Somewhat off topic, but your network switches don't still come with metal cases? I get the cheapest stuff that's likely to be reasonably good quality and they all have metal cases.
This triggered my PTSD haha
The removal of "This..." from the title here really confuses it.
With "This", it's obvious the title is "(This code) smells of desperation". The submitted title is ambiguous; it could mean "(Code smells) of desperation".
> But the code in WIN87EM.DLL looks very much like the result of changes made in desperation until it worked somehow, even though the changes made little or no sense.

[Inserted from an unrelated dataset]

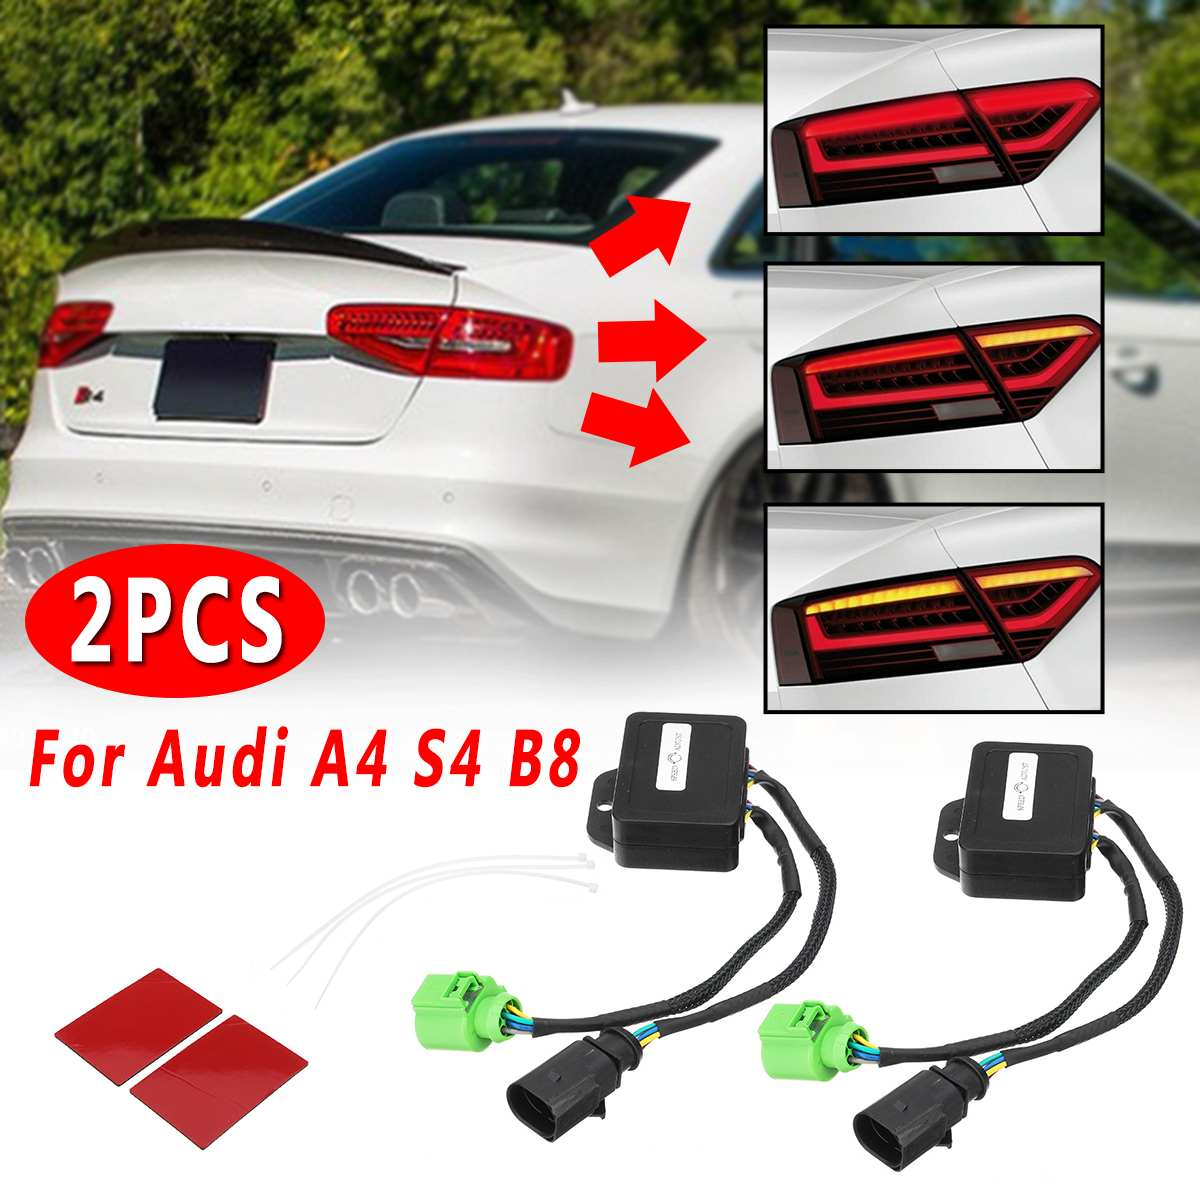 2 Pcs LED Taillights For Audi A4 S4 B8 2012 2018 sedan  Limo Semi Dynamic Turn Signal Indicator Signal Lamp    - AliExpress

This is how the characters in Coding Machines realized something was up, assembly instructions involving carry bits that made no sense, that they later realized was how an AI writes code: https://www.teamten.com/lawrence/writings/coding-machines/
> It took us the rest of the afternoon to pick through the convoluted jump targets and decode four consecutive instructions. That snippet, it turns out, was finding the sign of an integer. Anyone else would have done a simple comparison and a jump to set the output register to -1, 0, or 1, but the four instructions were a mess of instructions that all either set the carry bit as a side-effect, or used it in an unorthodox way.